Are "Deficit Hawks" Prepared for Trump's Proposed Spending Cuts?
January 20, 2017
Senior Fellow Pam Villarreal writes at NCPA's Taxes and Retirement blog:
It's amazing how those who cared little for spending deficits during Obama's presidency have suddenly become deficit hawks just hours before Trump's inauguration. (Paul Krugman, are you listening?) The national debt is now $20 trillion, double what it was eight years ago. In all fairness President Obama was not responsible for all of this due to mandatory spending programs that long existed before he did. But during his eight years of what could arguably constitute wasted taxpayer money -- a failed $800 billion failed stimulus package, bank bailouts and green energy boondoggles -- there was little concern from the mainstream media, left of center think tanks and anybody who hammered previous Republican presidents over deficits.
Enter Donald Trump.

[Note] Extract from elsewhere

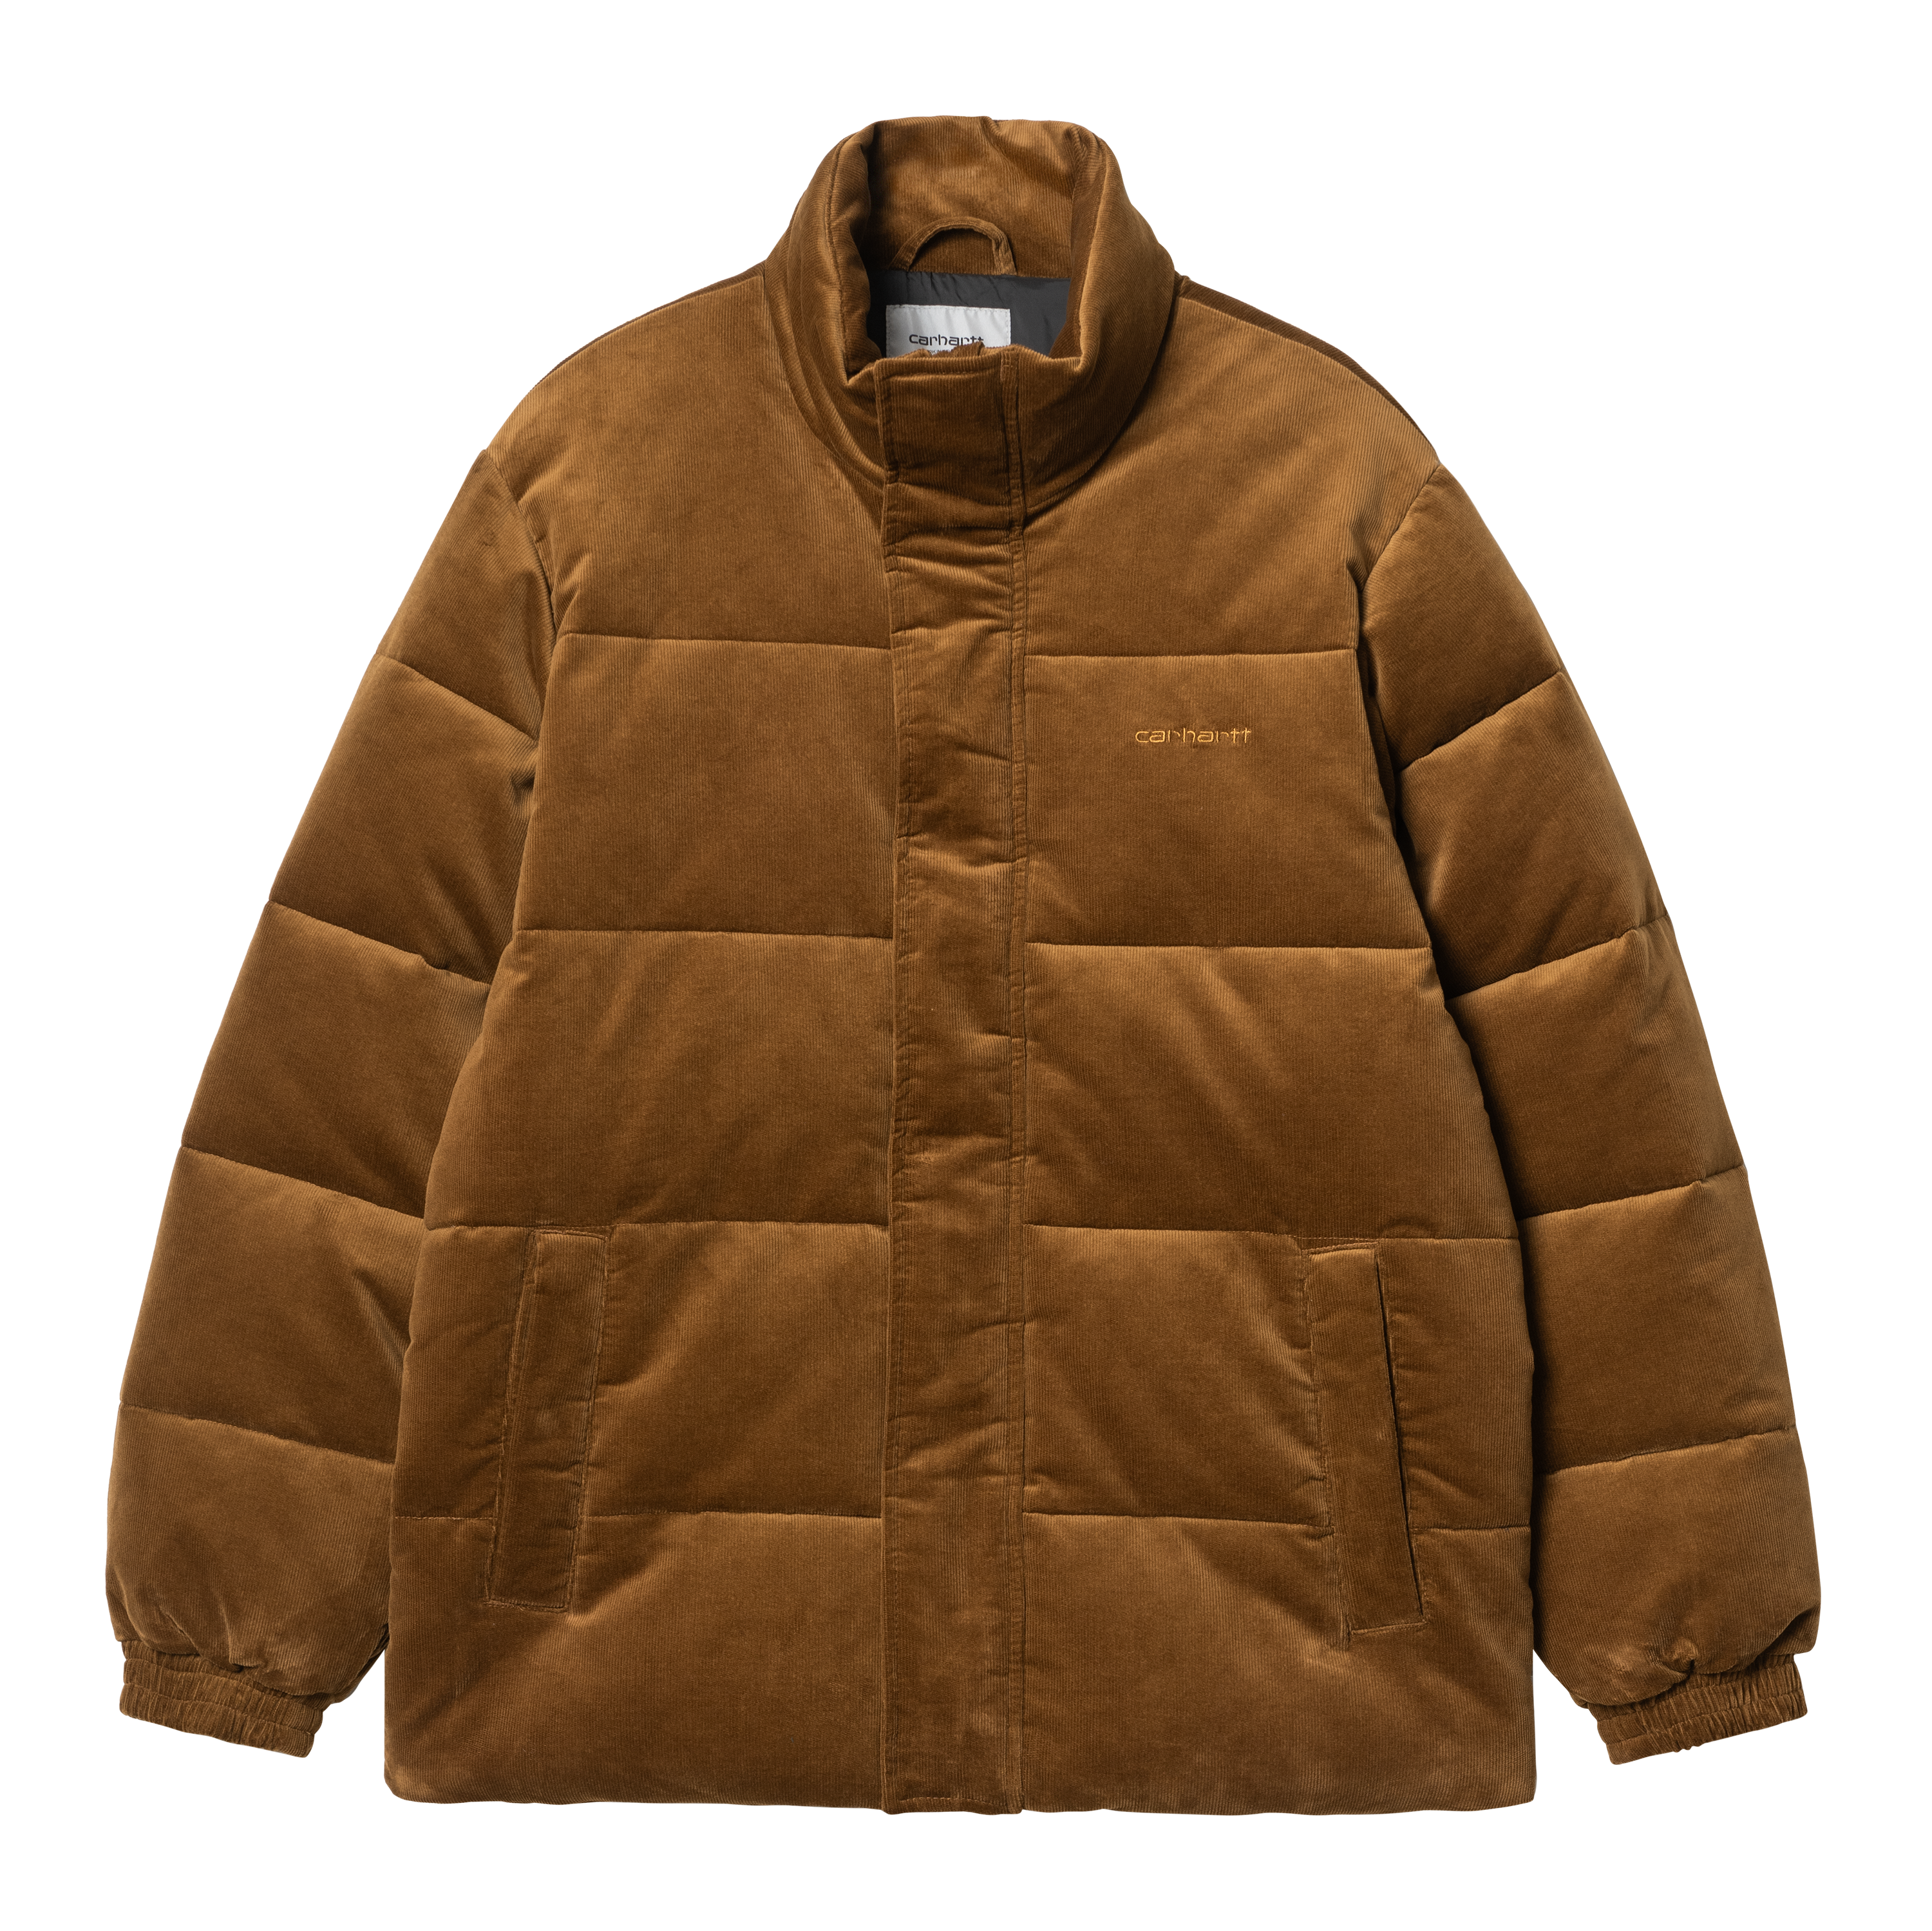 Carhartt WIP Layton Jacket in Marrone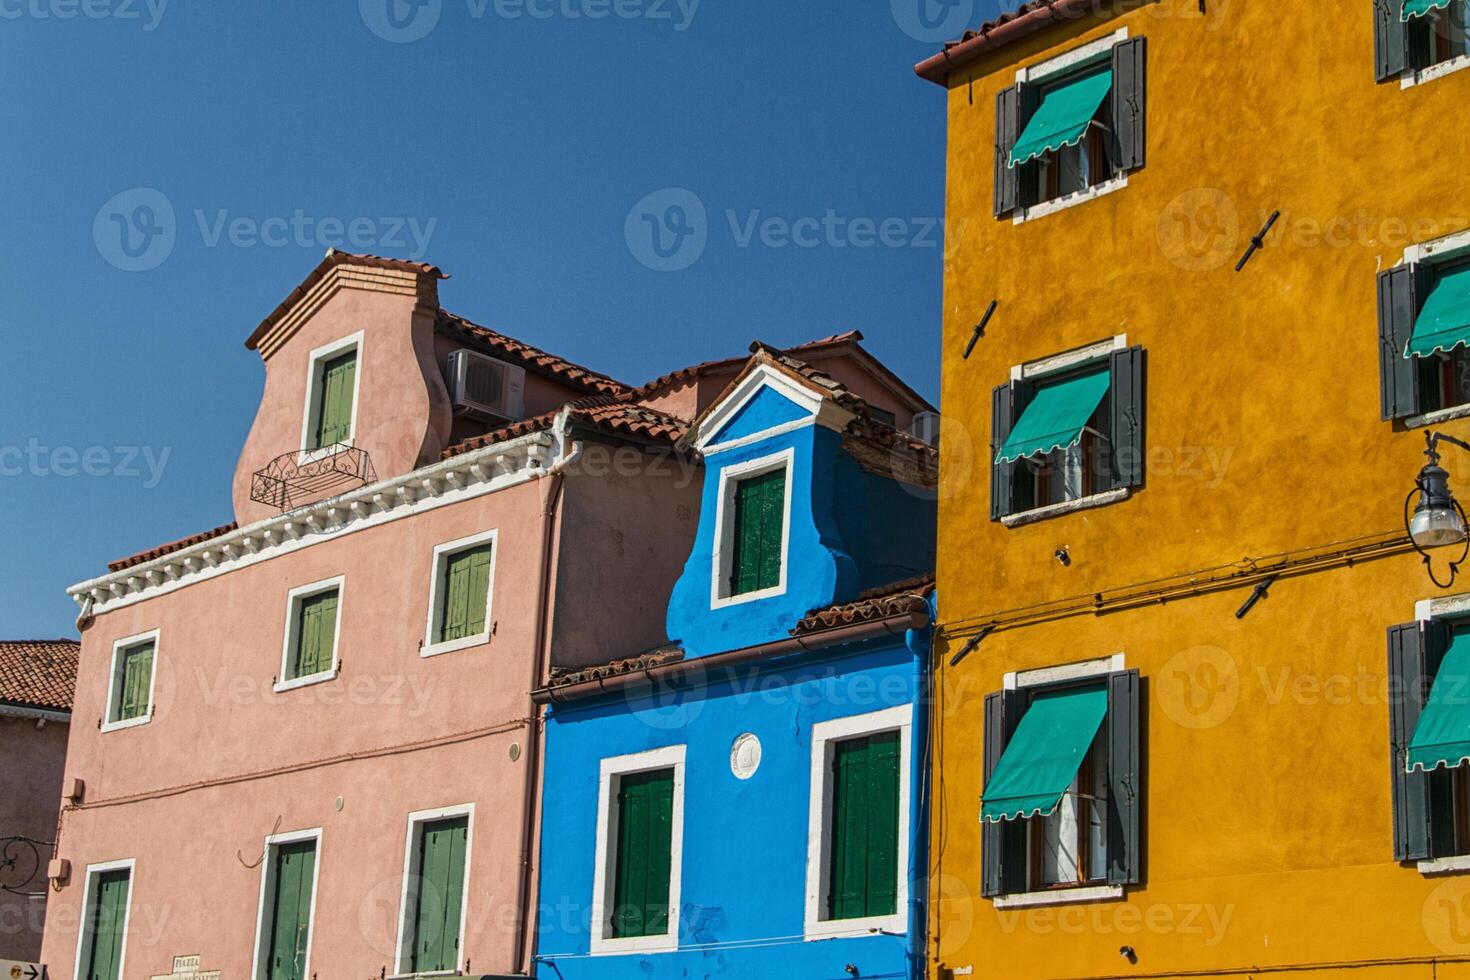 la fila de casas coloridas en la calle burano, italia. foto

Our dynamic modeling results of Trump's proposed tax plan show that the intergenerational (debt and deficit) effects will no doubt be substantial.
- Despite vigorous GDP growth and job creation, deficits under the Trump plan would be 42 percent higher than the baseline CBO estimate.
- Over a 30-year period, the net present value of total deficits under the Trump plan would be $53 trillion, almost double the CBO's estimate of $28.9 trillion under current law.
Yes, this should be of concern to both Democrats and Republicans. But they should be of concern by both Democrats and Republicans during any presidential administration.
But to his credit, Trump is taking a proactive approach and proposing spending cuts of about $10.5 trillion over 10 years. While newly-evolved deficit hawks are clutching their pearls over his wish list of cuts such as eliminating the National Endowment for the Arts and privatizing the Corporation for Public Broadcasting, these ideas are nothing new. Many a taxpayer has questioned the need for government to subsidize art and educational programming. Also on the list are reductions in some duplicative programs from the State Department, the Department of Justice and the Department of Transportation. These are actual recommendations from the Government Accountability Office's 2016 Annual Report, which was produced under the Obama administration.
It will be a tough road to pass any spending reductions in Congress, but it is worth a try. The newly-evolved deficit hawks like Krugman and those who have always recognized the danger in runaway spending should be pleased!